Boutella’s character isn’t helped by the fact that she really does serve as a typical love interest for a spy film, with Delfine serving as little more than a plot device rather than feeling like a fully-rounded human being. Seriously, her henchwoman character, Gazelle, in Kingsman has more depth to her.

The other main character worth talking about is James McAvoy’s David Percival, a British agent double-dealing to survive in Berlin. McAvoy seems to be having a lot of fun playing him, even if he does look like and dress like Tyler Durden from the end of Fight Club, but Percival is also flawed.

The film tries to build him up in a particular way to sell a twist towards the end, but it goes a little too far and, coupled with the film’s over-complexity, doesn’t leave you at all shocked or surprised with how things end up with him.

Lorraine Broughton (Charlize Theron) is drenched in red and, surprisingly, it's not blood this time

That over-complexity is the film’s biggest weakness, acting as if it’s oh so very clever and convoluted, but you’re more likely to end up groaning at how things finish. The final scene was especially frustrating, despite containing the movie’s funniest moment, and undercuts a lot of what we’ve seen.

This frustrating mess that the film has for an identity permeates the entire production, with the look of all the characters matching the time period, but everything shot in such a typically-modern action film manner, that the outfits and hairstyles really did have to be as good as they are to remind you that the film is set at the end of the 1980s.

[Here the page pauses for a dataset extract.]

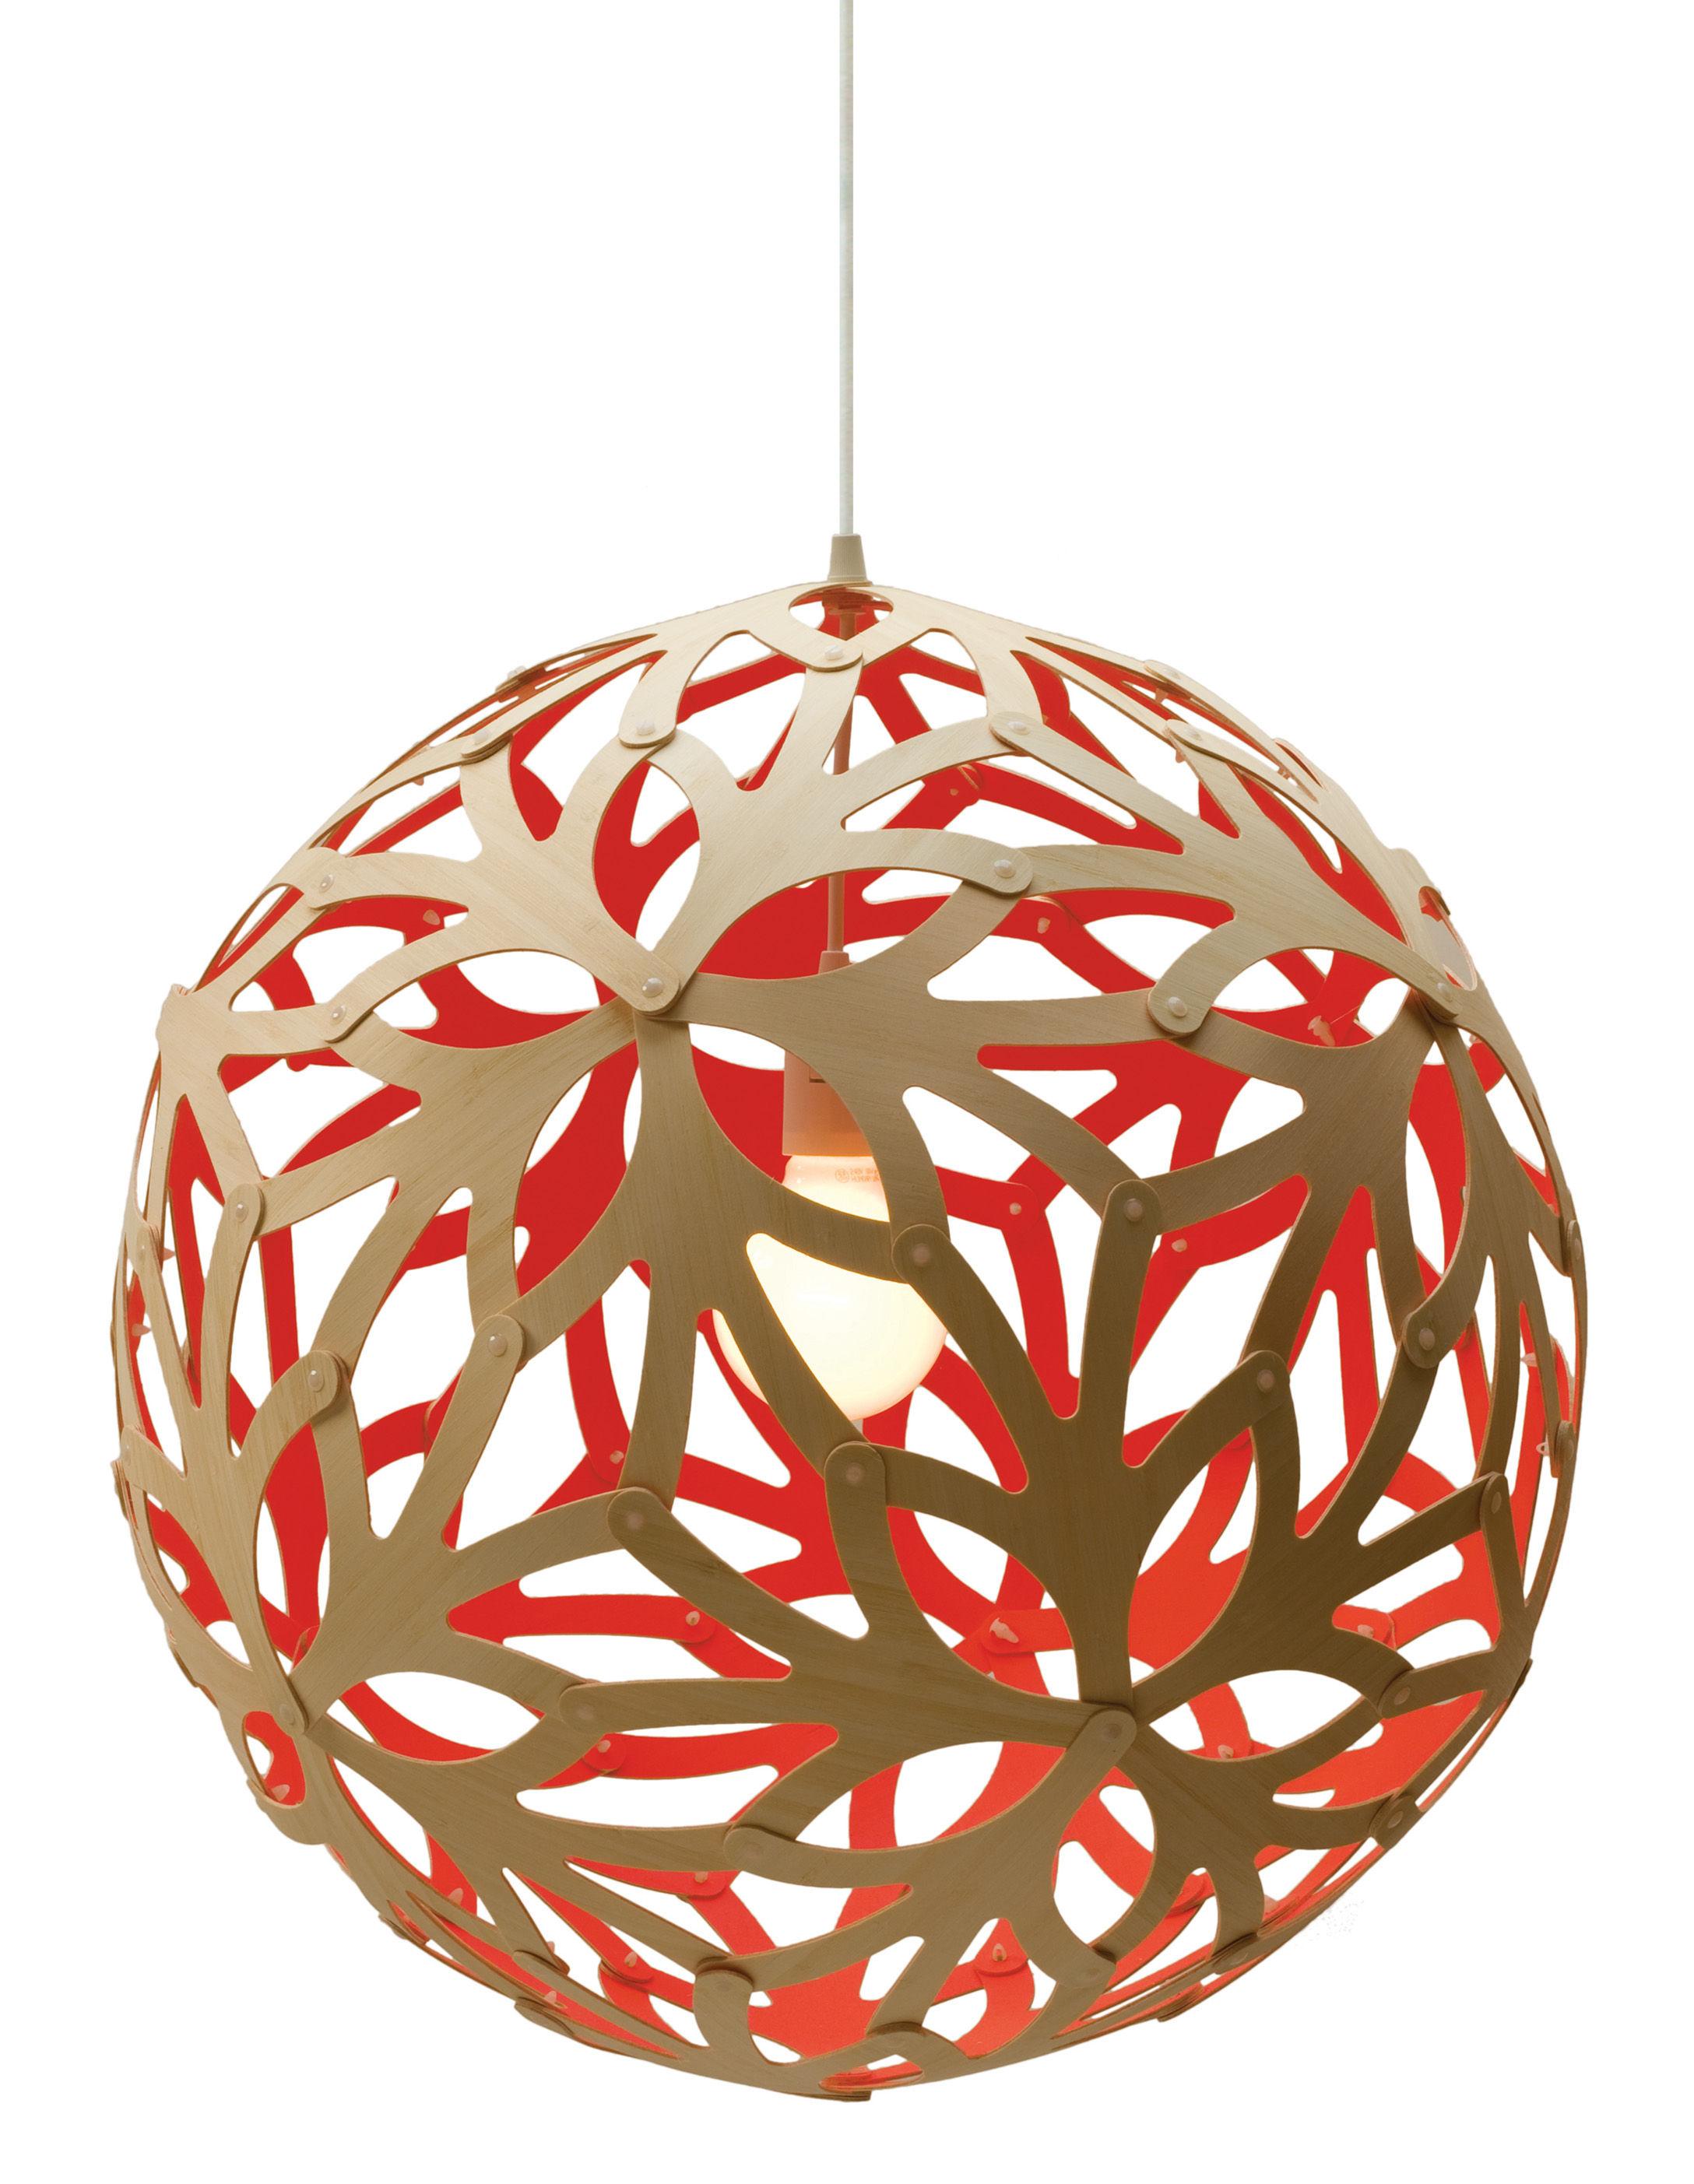 Leuchten - Pendelleuchten - Floral Pendelleuchte Ø 40 cm - Zweifarbig - Exklusiv - David Trubridge - Rot / Holz natur - Kiefer

It also ends up affecting the soundtrack as well: there is one great fight scene where the action syncs up beautifully with the music and is far better done than anything in Baby Driver, then there are other times when it completely overwhelms and detracts from the action.

Atomic Blonde is a fun film with a lot of rough spots held together by Theron and McAvoy’s excellent performances and some great fight choreography. Trimming twenty minutes or so, and losing some of the needless plot complications, would’ve made this a much better film.